Material provided
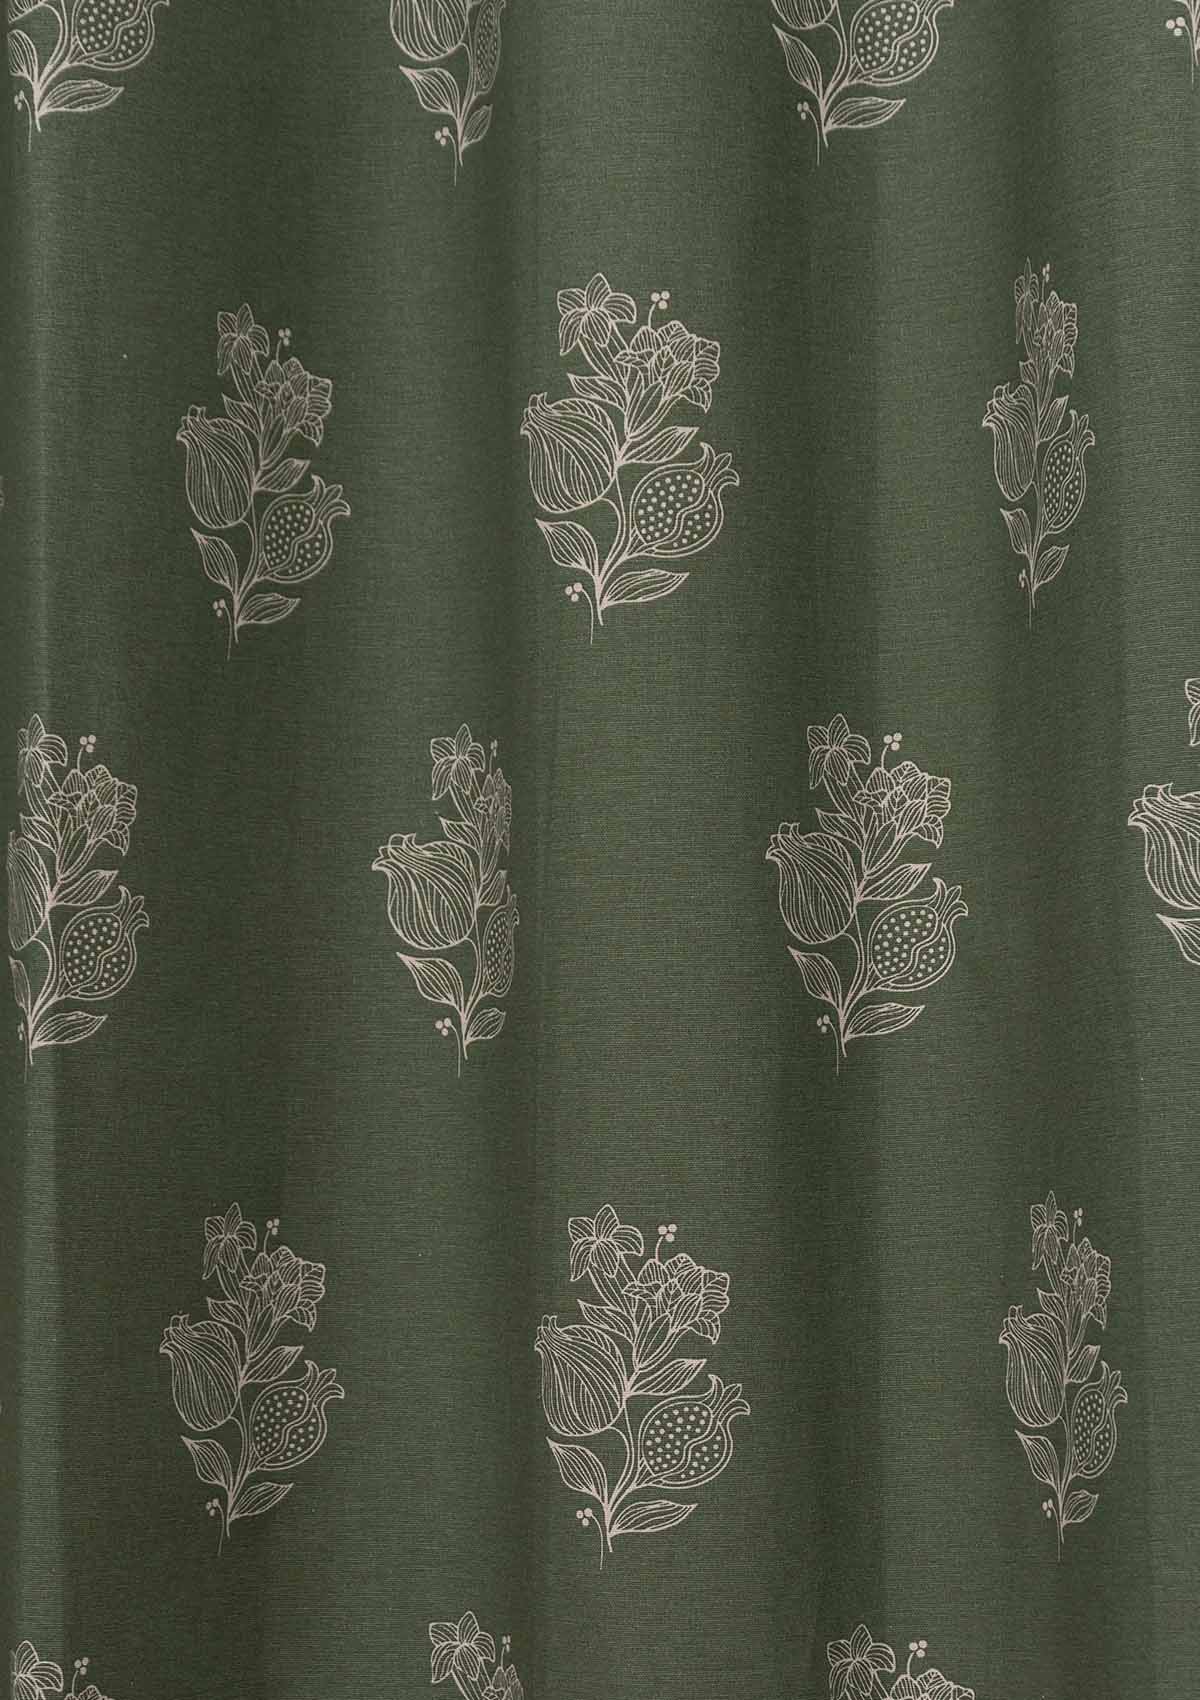 Malabar Printed 100% Customizable Cotton ethnic curtain for living room & Bedroom - Room darkening - Pepper Green
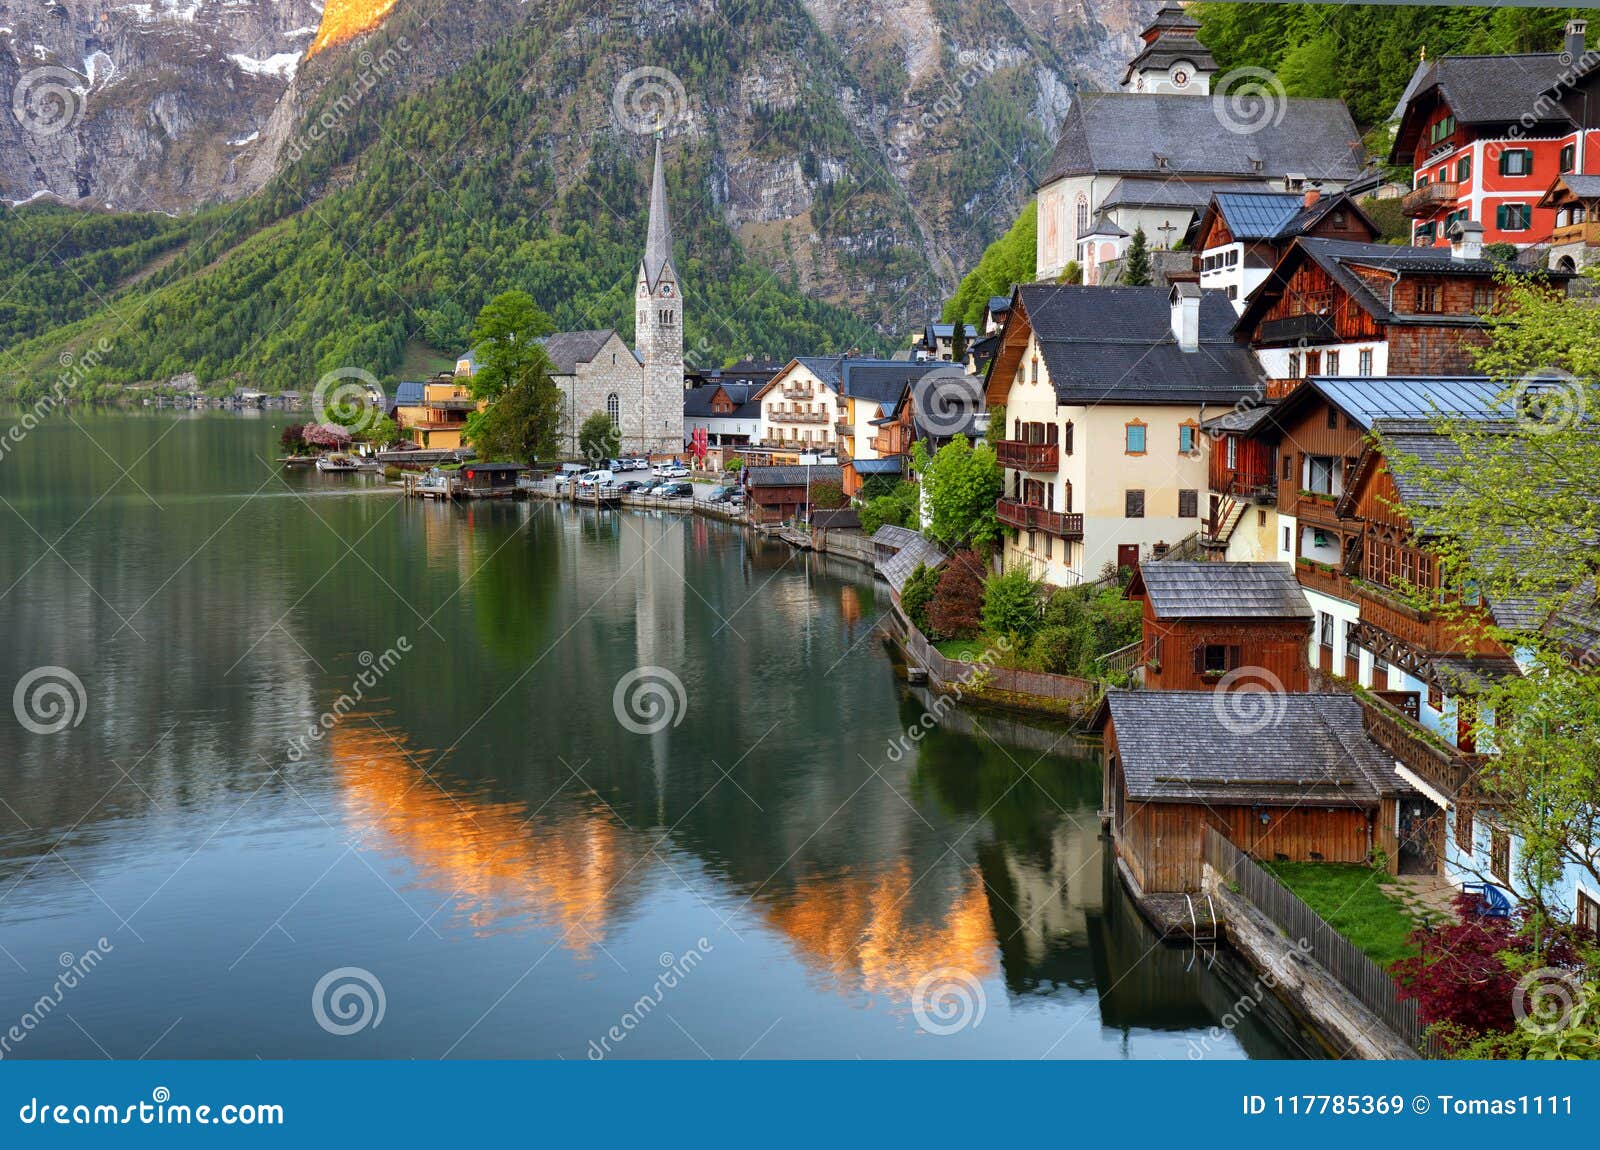 mountain landscape in austria alp with lake, hallstatt
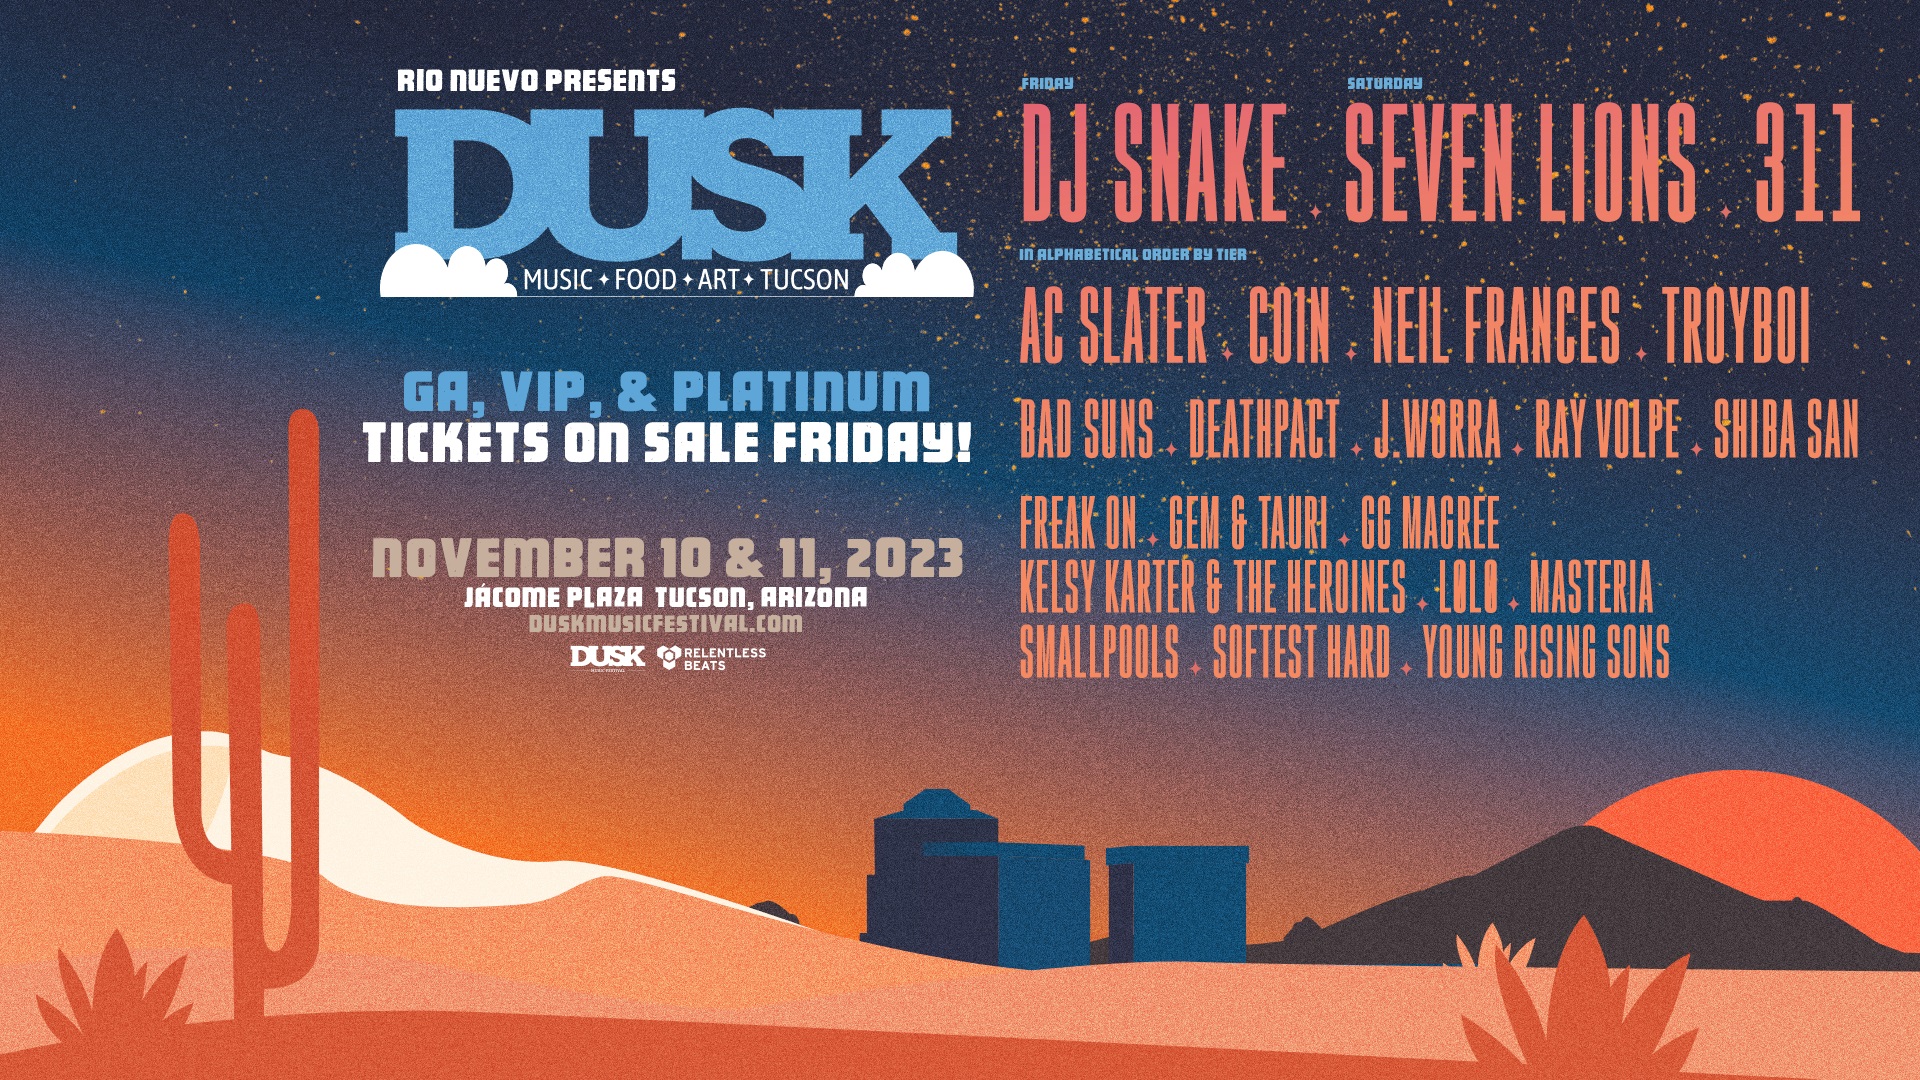 DUSK MUSIC FESTIVAL ANNOUNCES LINEUP FOR SEVENTH ANNUAL EVENT, NOVEMBER 10 & 11, 2023

Work required
Write out the data word for word. Any picture is to be skipped.

Answer to this exercise
 Malabar Printed 100% Customizable Cotton ethnic curtain for living room & Bedroom - Room darkening - Pepper Green
 mountain landscape in austria alp with lake, hallstatt
 DUSK MUSIC FESTIVAL ANNOUNCES LINEUP FOR SEVENTH ANNUAL EVENT, NOVEMBER 10 & 11, 2023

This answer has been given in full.